Lecture calendar

                  LecturesReading and Materials
Week 1

Slides 1 (Weeks 1–4) | Slides 2 (Weeks 5+)

Lec 1 (Jan 5): [Video] First C program, printf, variables, scanf, compilation with gcc

Lec 2 (Jan 7): [Video] Pointers (&, *), arrays, pass by pointer

Lec 3 (Jan 8): [Video] Memory model, pointer arithmetic, sizeof, exercises

Reading: King Ch. 1–2 (Introducing C, C Fundamentals); Ch. 11 (Pointers); Ch. 8 §8.1–8.2 (Arrays); Ch. 12 §12.1–12.3 (Pointers and Arrays); Ch. 9 §9.1–9.3 (Functions). Lecture notes: Hello World, Data Types, Pointers, Arrays

Learning outcomes: Run basic C programs. Begin understanding the C memory model. Use pointers and arrays.

Week 2

Lec 4 (Jan 12): [Video] const pointers, strings as char arrays, null terminator

Lec 5 (Jan 14): [Video] Pointer drills, pointers to pointers, printf format specifiers

Lec 6 (Jan 15): [Video] typedef, structs, pointers to structs (. vs ->), malloc

Reading: King Ch. 13 §13.1–13.5 (Strings); Ch. 3 (Formatted I/O); Ch. 17 §17.6 (Pointers to Pointers); Ch. 16 §16.1–16.2 (Structures); Ch. 17 §17.1 (Dynamic Storage Allocation). Lecture notes: Strings, Pointers, Structs

Learning outcomes: Develop a better understanding of the C memory model. Use strings, structs, and malloc.

Week 3

Lec 7 (Jan 19): [Video] sizeof on structs, arrays vs memory blocks, free, pointer drills

Lec 8 (Jan 21): [Video] Pointer drill practice: types, aliasing, arrays and blocks

Lec 9 (Jan 22): [Video] Struct drills: strcpy, strings in structs, arrays of structs

Reading: King Ch. 17 §17.1–17.4 (Dynamic Storage, Deallocating); Ch. 16 §16.3 (Nested Arrays and Structures); Ch. 11–12 (Pointers, Pointers and Arrays); Ch. 13 §13.5 (C String Library). Lecture notes: Structs, Pointers, Strings

Learning outcomes: Use C pointers together with structs and memory blocks, including passing to and from functions.

Week 4

Lec 10 (Jan 26): [Video] Malloc'd blocks of structs, blocks of addresses (student **), char * vs char[]

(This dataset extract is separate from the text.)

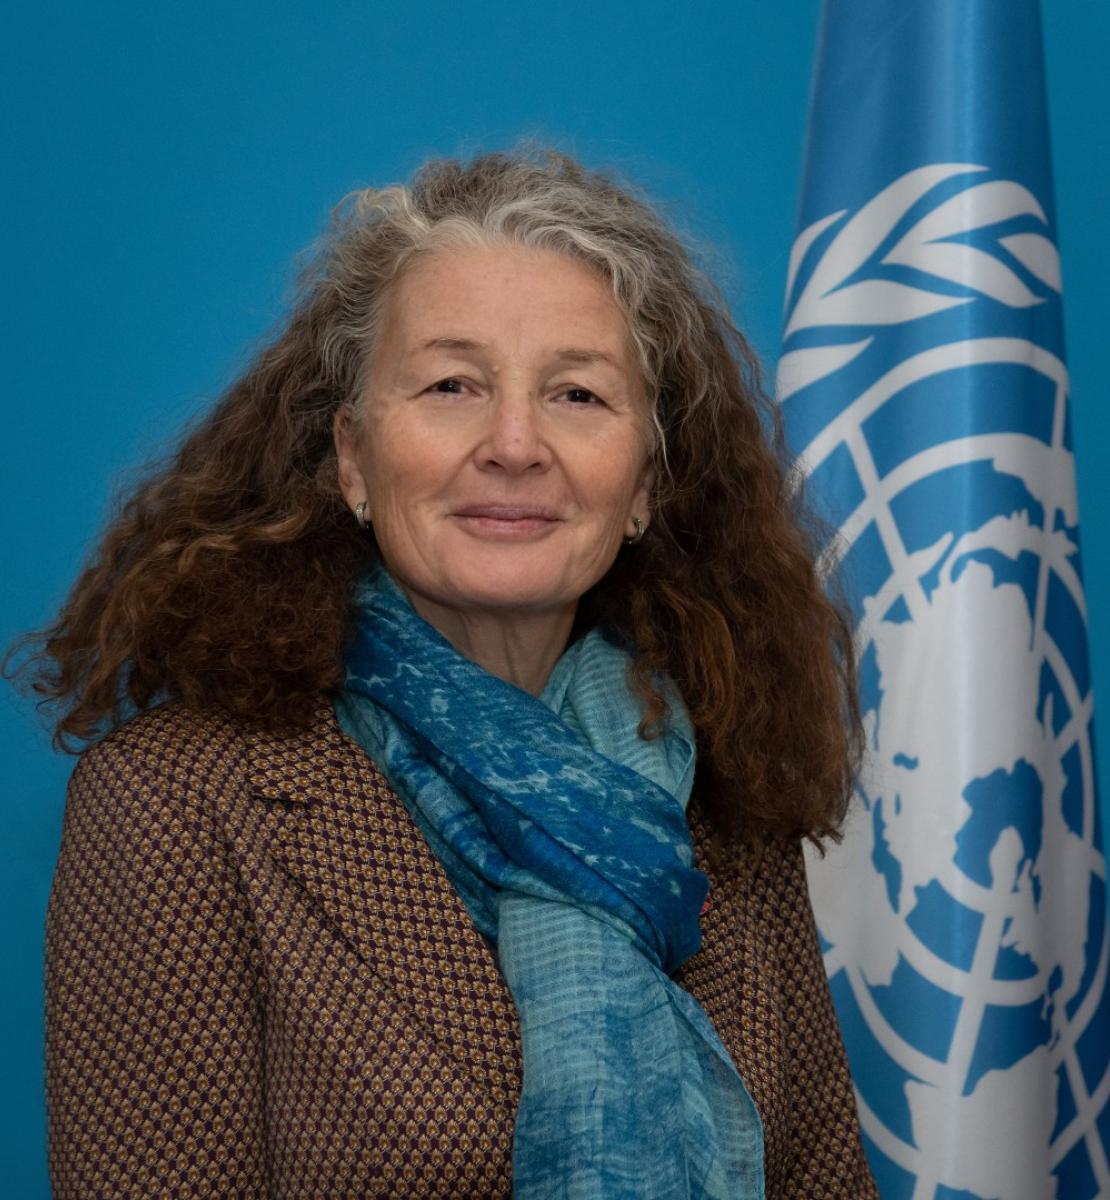 Une femme aux cheveux longs, bouclés et grisonnants et portant un blazer marron et une écharpe bleue se tient près d'un drapeau de l'ONU et regarde la caméra en souriant.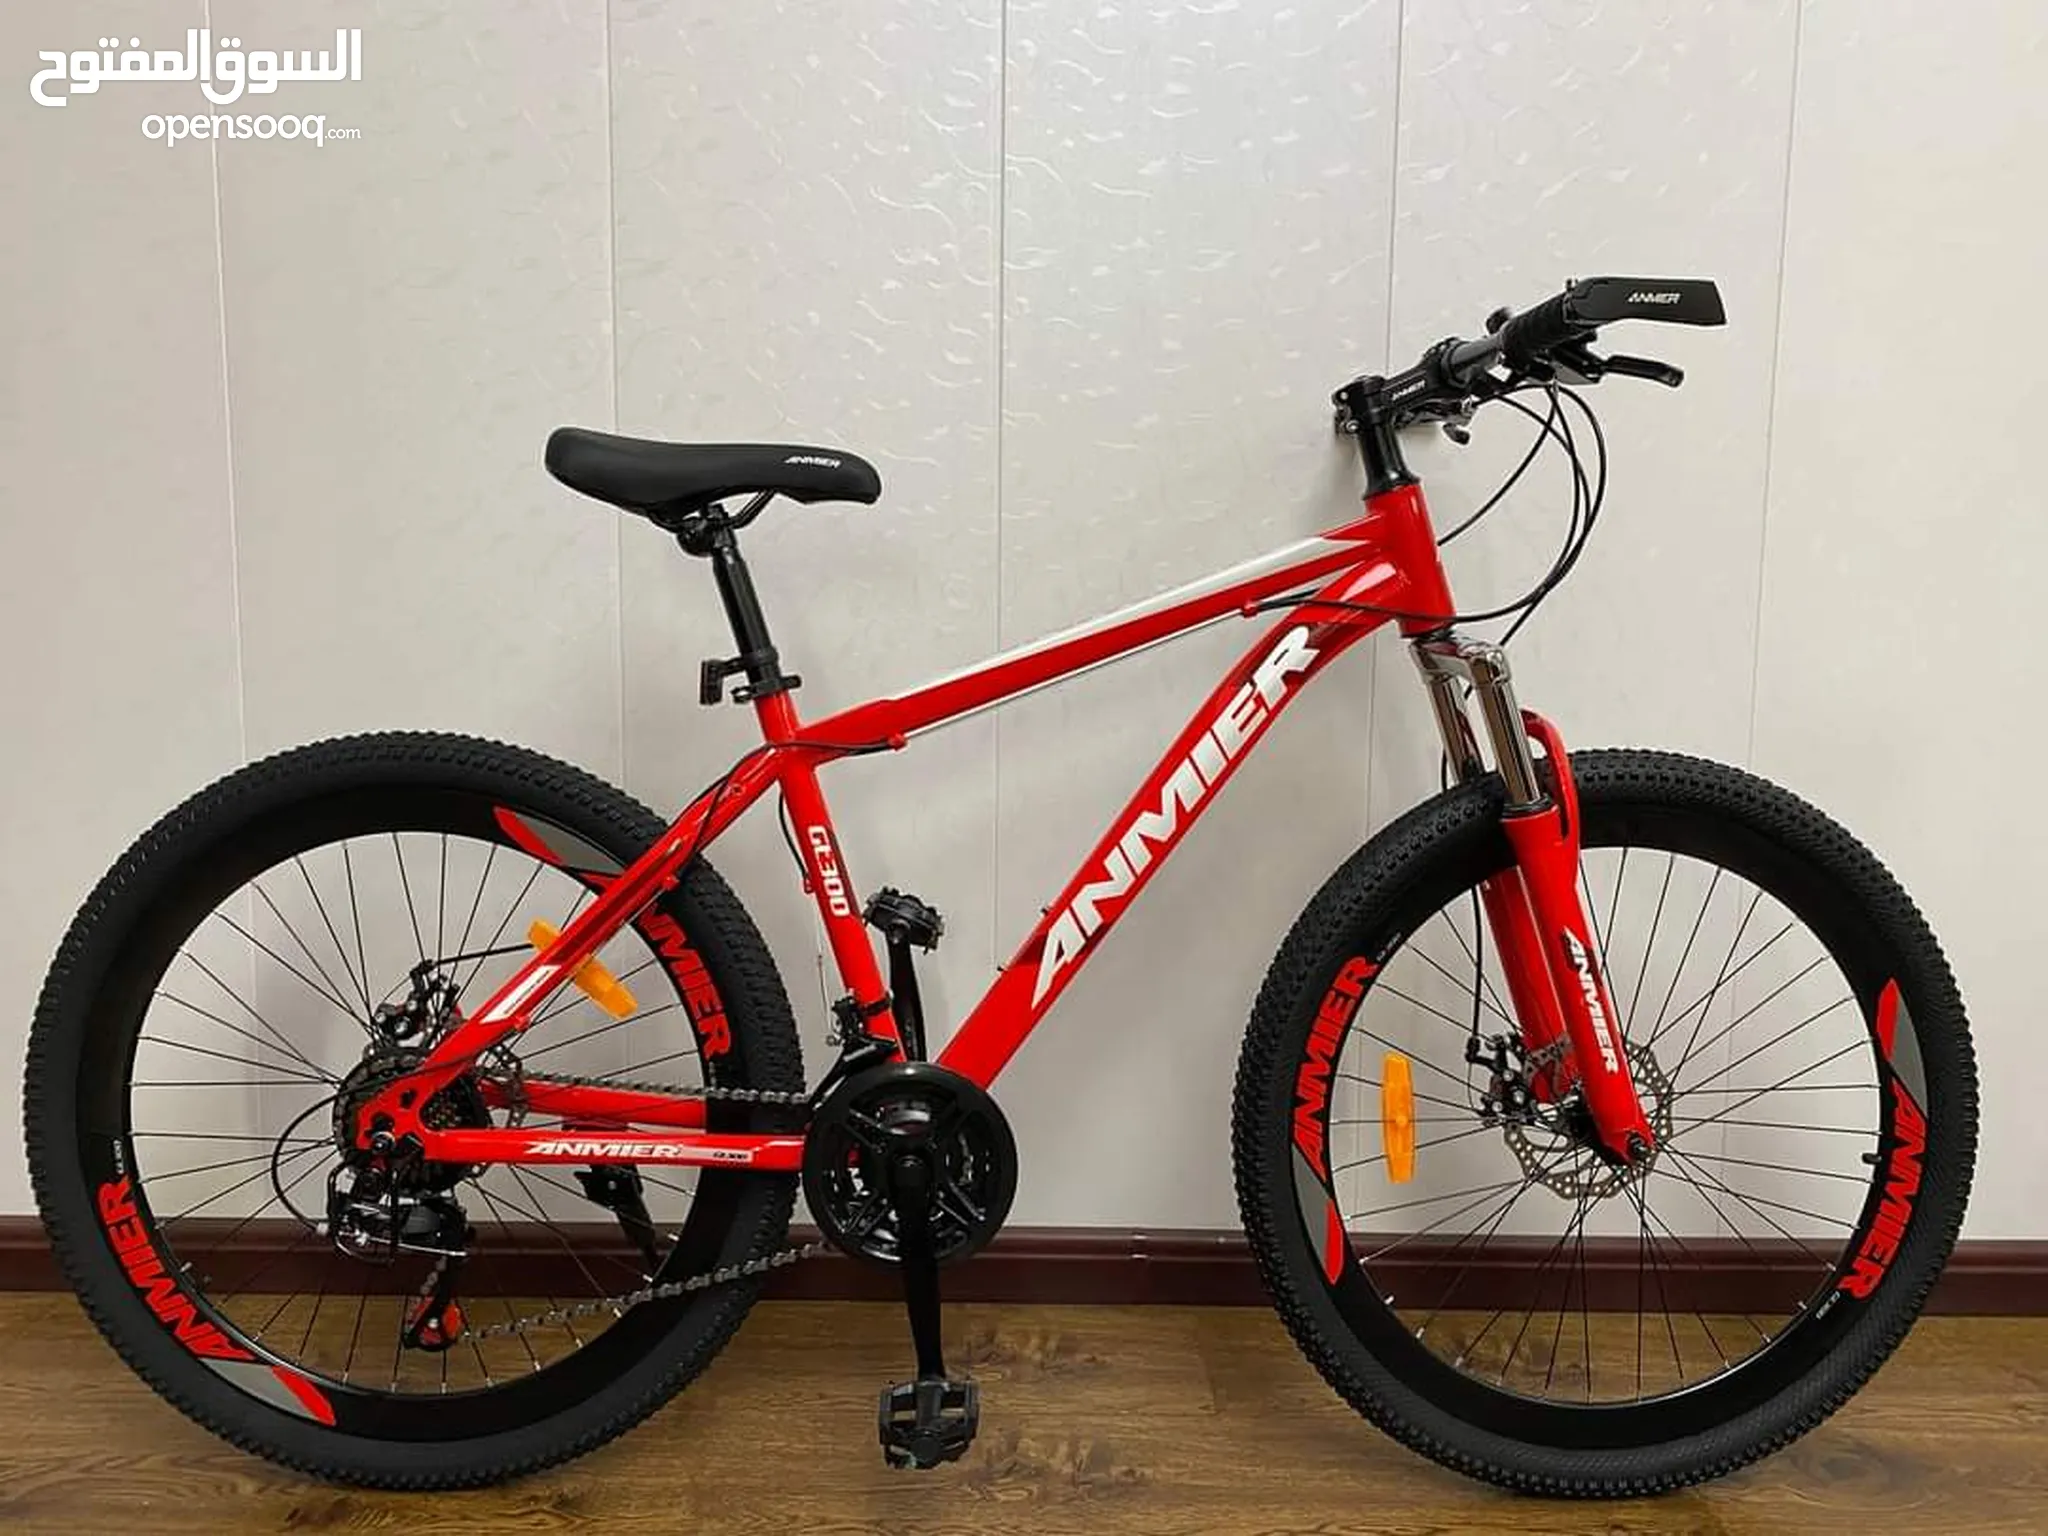 دراجات هوائية للبيع : دراجات على الطرق : جبلية : للأطفال : قطع غيار  واكسسوار : ارخص الاسعار في الأردن

Lec 11 (Jan 28): [Video] When strcpy crashes, const char *, create_student / destroy_student

Lec 12 (Jan 29): [Video] Systematic drill: pass by value vs pointer for all three struct types

Reading: King Ch. 17 §17.1–17.4 (Dynamic Allocation, Deallocating); Ch. 17 §17.6 (Pointers to Pointers); Ch. 13 §13.2 (String Variables); Ch. 9 §9.3 (Arguments); Ch. 11 §11.4 (Pointers as Arguments). Lecture notes: Structs, Functions

Learning outcomes: Dynamically allocate structs with string fields. Understand create/destroy patterns and pass-by-value vs pass-by-pointer.

Week 5

Lec 13 (Feb 2): [Video] Valgrind, header files (.h / .c, guards), starting my_string

Lec 14 (Feb 4): [Video] Completing my_string: append, destroy, aliasing

Lec 15 (Feb 5): [Video] ++ with pointer arithmetic, ADTs vs data structures, Stack ADT (Python only)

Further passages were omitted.